MCAK is labelled in red and SYCP3 (A–I), Aurora-B (J,K), and kinetochores (L–N) are labelled in green. In merged images colocalisation regions appear in yellow. DNA appears in blue. Most images are z-projections of several focal planes throughout the spermatocytes shown.

(A and B) Early and late diplotene spermatocytes. At early diplotene SYCP3 labels desynapsing LEs (arrowheads in [A]), and the X and Y axial elements (XY). At this stage no MCAK labelling can be detected. Nevertheless, during late diplotene, when most LEs are desynapsed, MCAK can be detected as small dots at one of their ends (arrows in [A]).

(C–E) Single focal plane of a late diplotene chromocentre. MCAK occupies part of the heterochromatin and colocalises partially with the proximal ends of three desynapsed LEs detected with SYCP3.

(F and G) Single focal plane of the centromeric region of a late diplotene autosome. MCAK is detected as two dots at the end of a desynapsed LE.

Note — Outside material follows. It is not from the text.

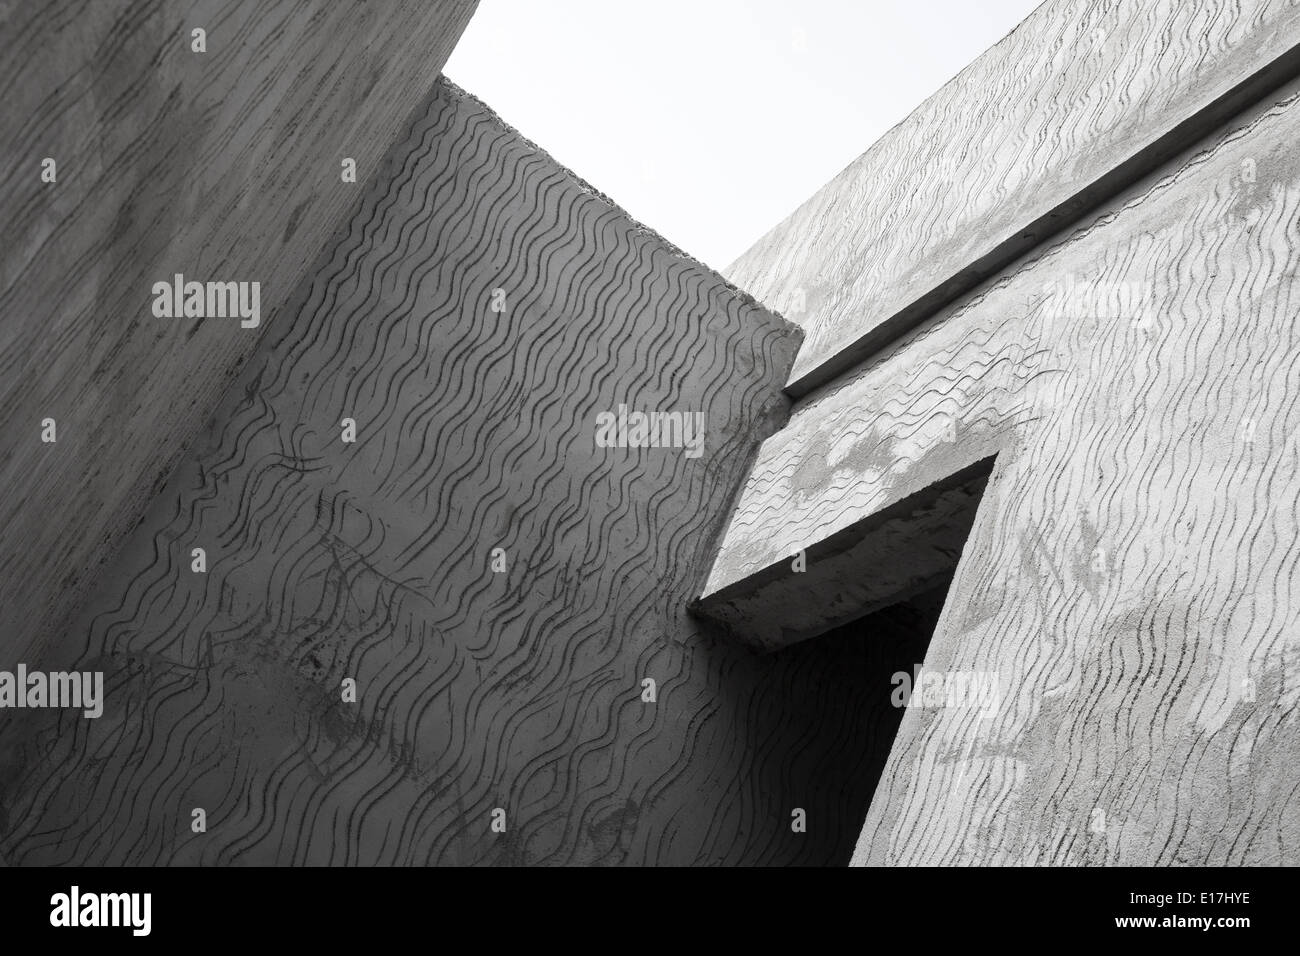 Abstract modern gray concrete architecture photo fragment Stock Photo

(H and I) Projection of three focal planes of the sex bivalent (X,Y) in diakinesis. While the Y centromere appears scarcely stained for SYCP3, MCAK shows an intense T-like labelling. By contrast, the MCAK labelling at the X centromere is fainter. Note that there is one SYCP3 agglomerate in the nucleoplasm (arrow), and two SYCP3 accumulations on the axial elements (arrowheads).

(J and K) Early and late diplotene spermatocytes. At early diplotene, Aurora-B appears at chromocentres and the sex body (XY). MCAK becomes first detectable at centromeres in late diplotene mostly colocalising with Aurora-B. The arrow indicates the enlarged region shown in the inset.

(L–N) Late diplotene spermatocyte. The MCAK signals appear close to the kinetochore ones, that have been revealed with an anti-centromere autoantibody serum. The arrowed signal has been enlarged in the inset where it can be discerned that a single kinetochore is located in between two MCAK signals.

Bars, 5 μm (A,B,J,K,L–N), 1 μm (C–E), and 2 μm (F–I).